About this exercise:
Extract every line below that contains the word "Fantasy".

(Entries taken from a collection)
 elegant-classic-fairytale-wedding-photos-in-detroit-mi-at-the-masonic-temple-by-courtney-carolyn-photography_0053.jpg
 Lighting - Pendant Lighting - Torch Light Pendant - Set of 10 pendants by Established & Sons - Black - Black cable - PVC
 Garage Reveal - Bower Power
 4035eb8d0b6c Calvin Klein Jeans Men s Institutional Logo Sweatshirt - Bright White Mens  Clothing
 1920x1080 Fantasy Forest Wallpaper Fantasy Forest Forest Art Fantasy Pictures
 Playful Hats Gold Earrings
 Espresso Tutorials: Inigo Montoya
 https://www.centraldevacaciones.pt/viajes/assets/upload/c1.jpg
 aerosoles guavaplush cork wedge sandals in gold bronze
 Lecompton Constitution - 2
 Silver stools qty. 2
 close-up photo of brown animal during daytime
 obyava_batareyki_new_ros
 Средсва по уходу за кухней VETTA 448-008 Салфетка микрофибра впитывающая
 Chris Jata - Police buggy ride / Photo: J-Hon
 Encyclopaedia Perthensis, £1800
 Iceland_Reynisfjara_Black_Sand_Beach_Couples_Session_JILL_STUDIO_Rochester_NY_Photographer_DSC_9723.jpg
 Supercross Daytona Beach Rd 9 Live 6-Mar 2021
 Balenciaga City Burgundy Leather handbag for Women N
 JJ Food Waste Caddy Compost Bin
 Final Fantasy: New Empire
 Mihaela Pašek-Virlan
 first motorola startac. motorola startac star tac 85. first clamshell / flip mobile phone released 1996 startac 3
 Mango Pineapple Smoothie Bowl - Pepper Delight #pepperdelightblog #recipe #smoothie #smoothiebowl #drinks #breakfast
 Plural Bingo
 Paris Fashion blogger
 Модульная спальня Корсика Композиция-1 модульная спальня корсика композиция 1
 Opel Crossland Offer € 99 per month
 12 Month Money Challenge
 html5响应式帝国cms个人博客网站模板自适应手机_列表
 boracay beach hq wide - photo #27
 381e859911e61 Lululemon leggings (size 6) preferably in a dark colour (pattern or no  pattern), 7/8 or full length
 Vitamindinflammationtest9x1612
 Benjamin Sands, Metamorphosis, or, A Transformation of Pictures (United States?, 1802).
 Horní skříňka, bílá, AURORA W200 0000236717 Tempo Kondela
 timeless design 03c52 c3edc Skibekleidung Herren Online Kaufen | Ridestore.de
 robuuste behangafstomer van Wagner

Exercise result:
 1920x1080 Fantasy Forest Wallpaper Fantasy Forest Forest Art Fantasy Pictures
 Final Fantasy: New Empire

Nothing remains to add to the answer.